Paired Horse and PIE breakup

Miguel Carrasquer Vidal mcv at WXS.NL
Sat Nov 7 21:08:04 UTC 1998


Jacob Baltuch <jacob.baltuch at EURONET.BE> wrote:

>>But I do agree with Renfrew that there's a striking similarity
>>between the expansion of Indo-European languages across Europe and
>>the expansion of agriculture across the same area.
>
>But your theory is based on nothing else than this "striking similarity"
>and attempting to deconstruct all the evidence assembled in favor of
>what you call the "standard theory", and that includes the argument of
>the lack of archeological signs of an invasion in northern Europe which
>may be a problem for the usual theory -- btw certainly not as much as what
>it is made out to be -- but certainly does not add any probability to your
>own theory.

If that is your impression, then I haven't been explaining myself.
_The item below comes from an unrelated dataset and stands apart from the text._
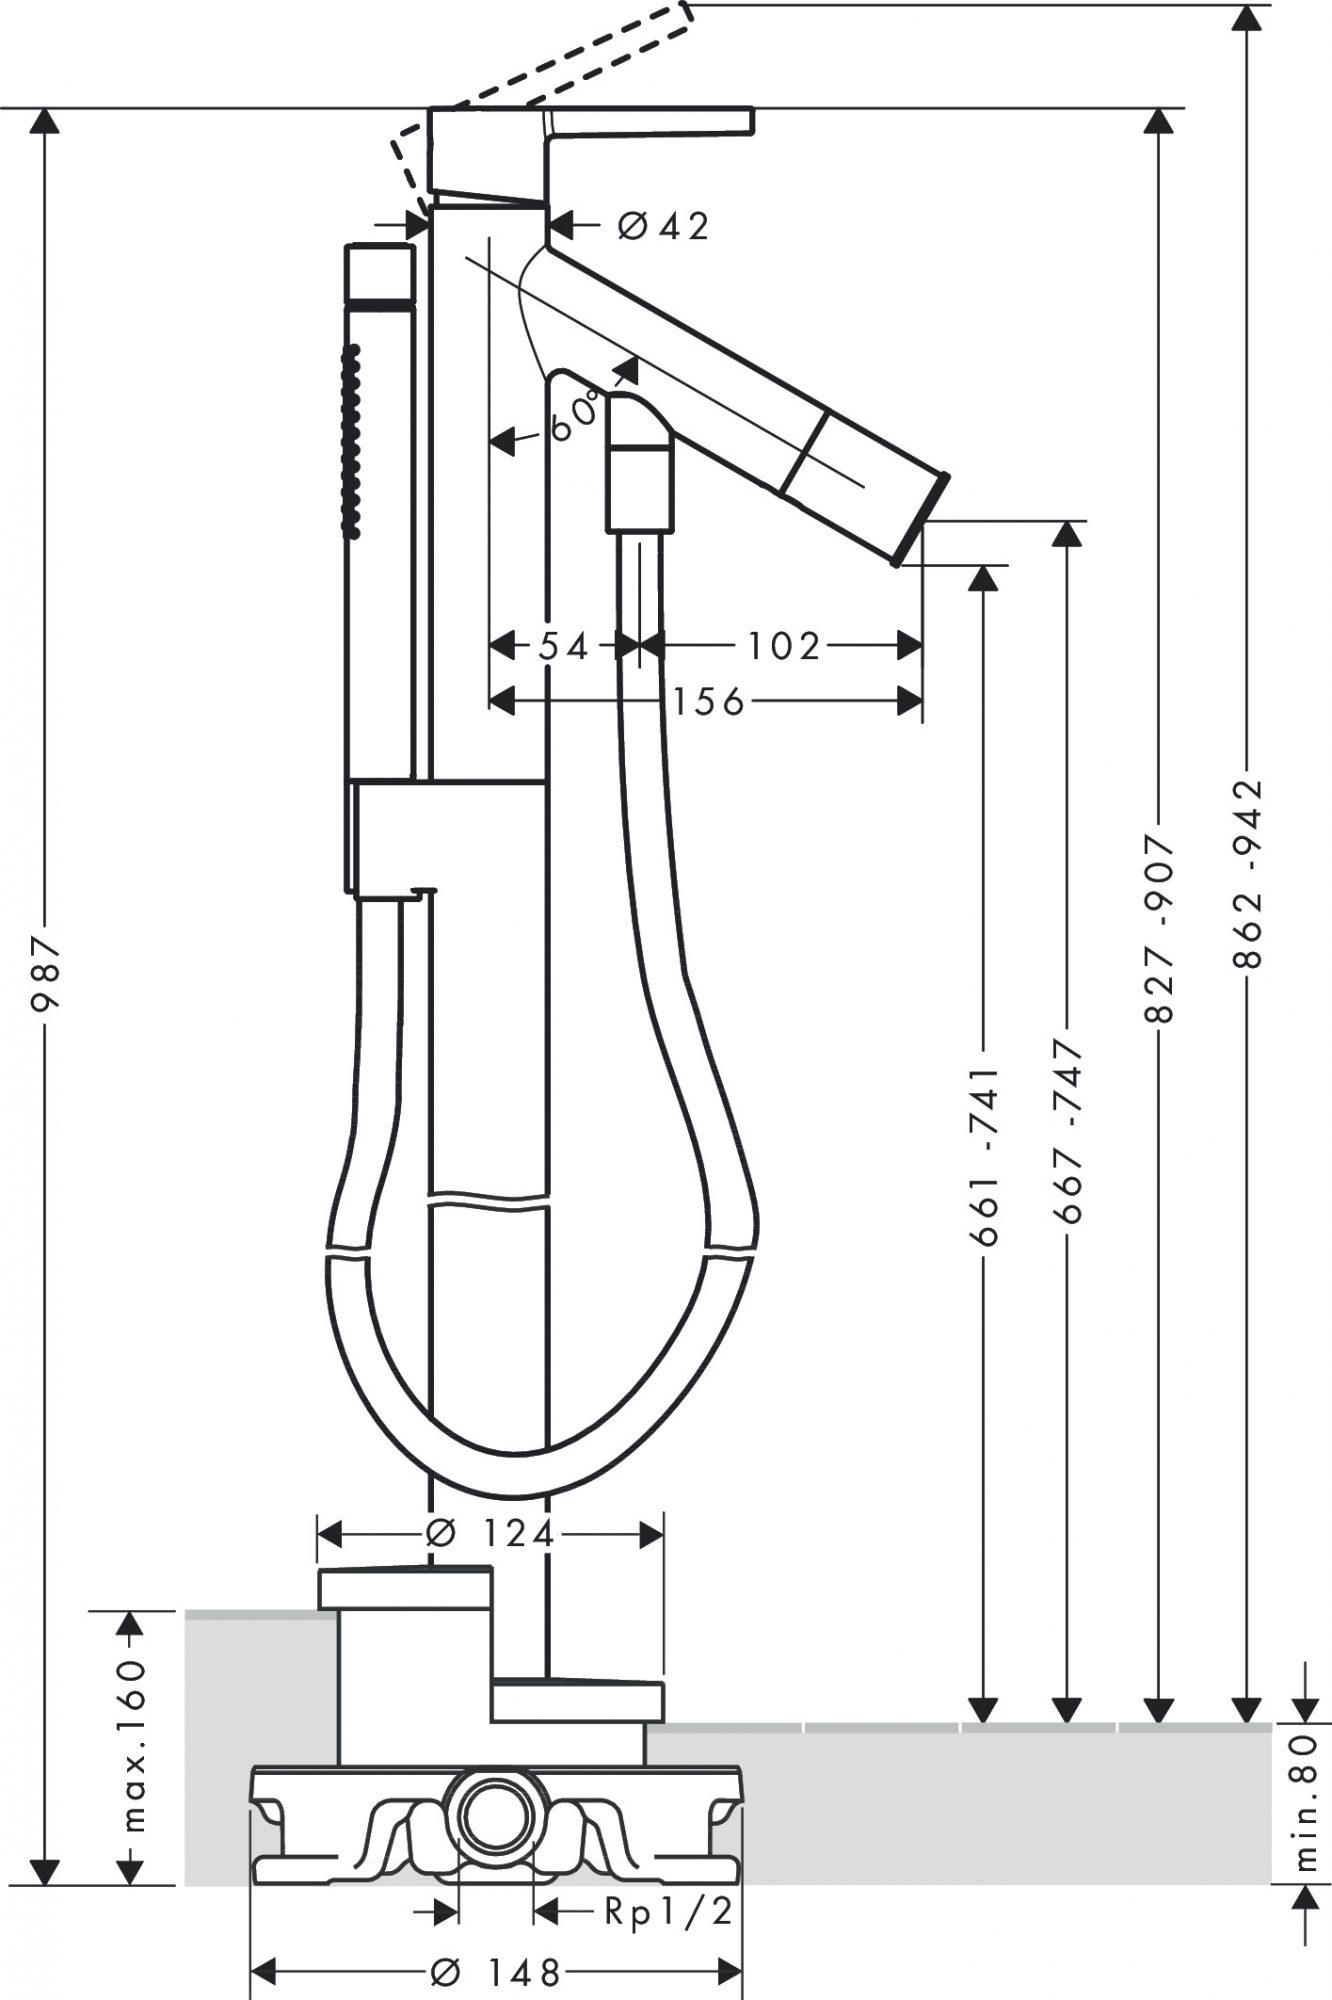 10455000 AXOR Starck Floor standing single lever bath mixer with matching AXOR Starck handle
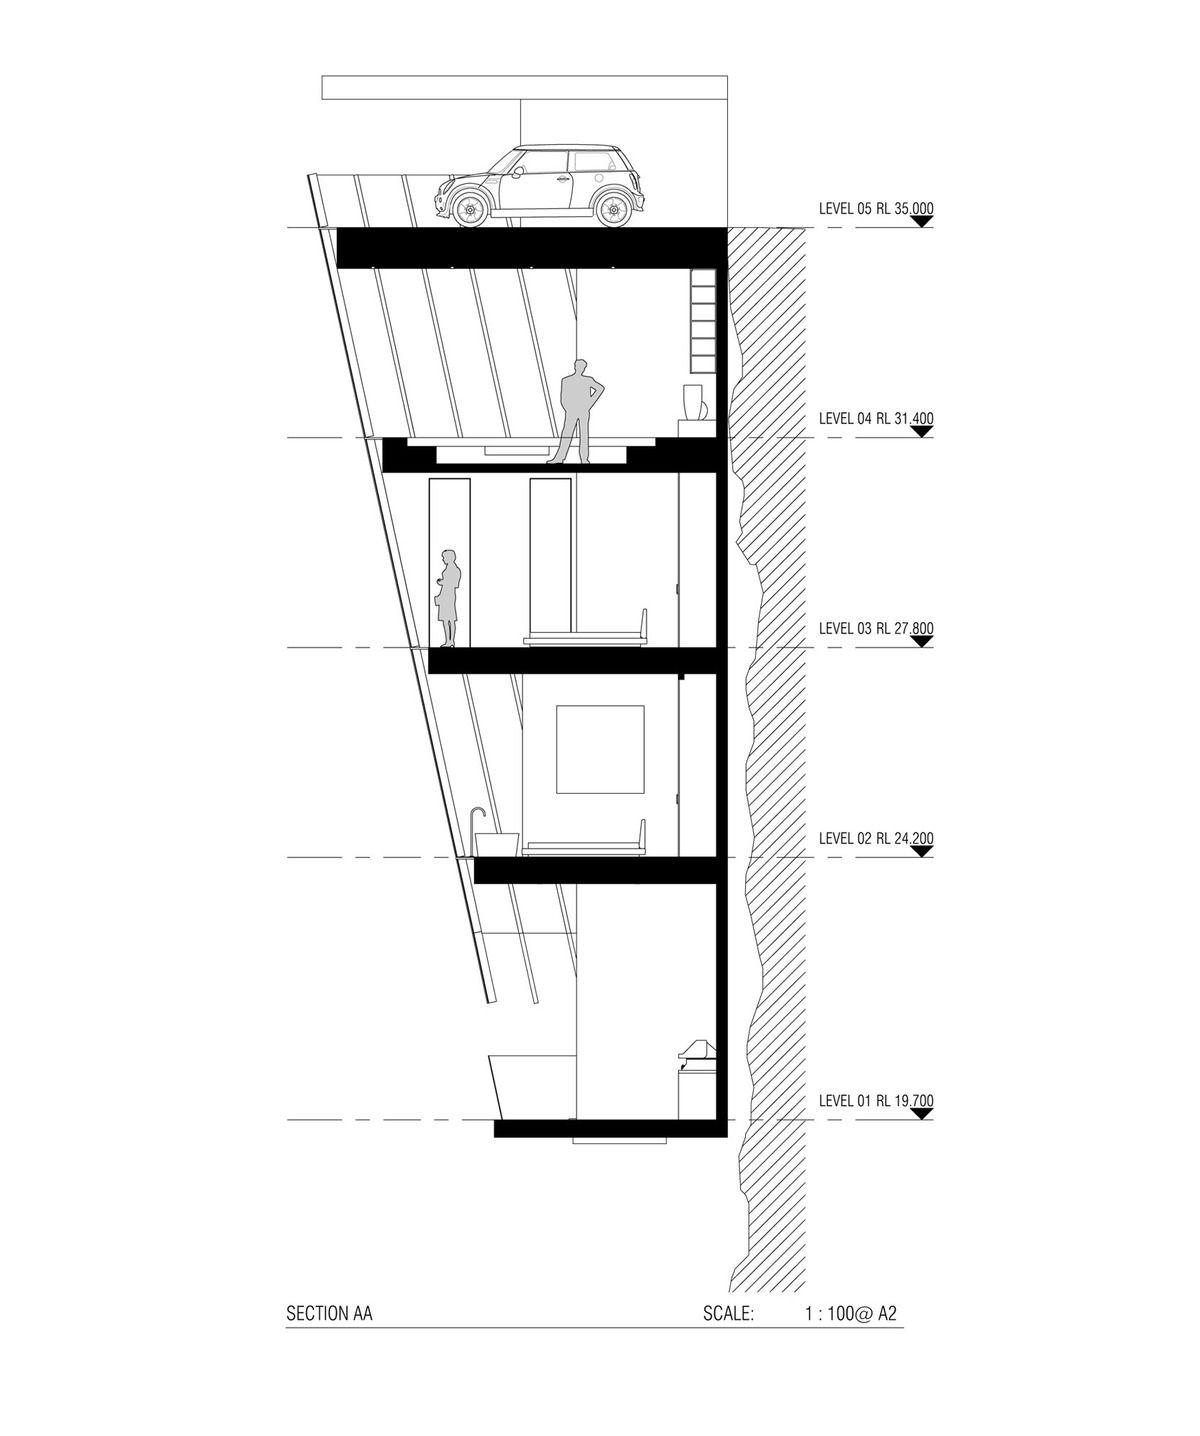 1200x1436 living on the edge australians design house that hangs off cliff

Demography is certainly a powerful model for language spread. It has
been estimated that mesolithic hunter-gatherers numbered 1 in every
10 km2.  Early Neolithic techniques allowed 5 persons per km2.  A
5000% increase.  That is hard to beat.

But that is not the reason I'm dissatisfied with the "standard
theory".  Please note that I'm not trying to deconstruct anything.
I do accept all the *evidence* assembled in favour of a Ponto-Caspian
homeland.  I do believe that during the Yama/Kurgan cultural phase
(3500 BC-2500 BC), and maybe beginning slightly before that,
Indo-European peoples spread out from there east and west and
established themselves in the Hungarian plain / the Balkans and in
Central Asia.  There is good archaeological evidence for that, and it
makes sense both linguistically (explaining the affinities between
Greek and Sanskrit) and historically (Magyars, Turks, Huns etc. have
done similarly in teh past).

But I simply don't believe that this can be the whole story.  There's
the lack of archaeological evidence for "Kurgan" invasions anywhwere
else in Europe.  There's the lack of historical precedent: no nomad
invasion from the steppe has ever penetrated into Europe much beyond
Hungary.  Attila was the most successful of all, but his empire was
extremely short-lived and left no linguistic traces at all.  And most
importantly, the "Kurgan" hypothesis provides no insights into the
linguistic subgrouping of Indo-European.  More specifically, it fails
to explain the position of Hittite (and the Anatolian lgs. in
general).

Even if all IE languages spread out from the Pontic-Caspian between
4000 and 3000 BC, in several different waves (and there's precious
little evidence for that), and assuming of course that the Hittites
were the first to leave, that only gives the rest of IE at most 1000
years or so to develop all the innovations that separate it from
Anatolian.  I say that's impossible.  At least two millennia seems
like a much more credible margin (my date of 5500 BC, coinciding with
the split off of the Danubian/LBK-complex).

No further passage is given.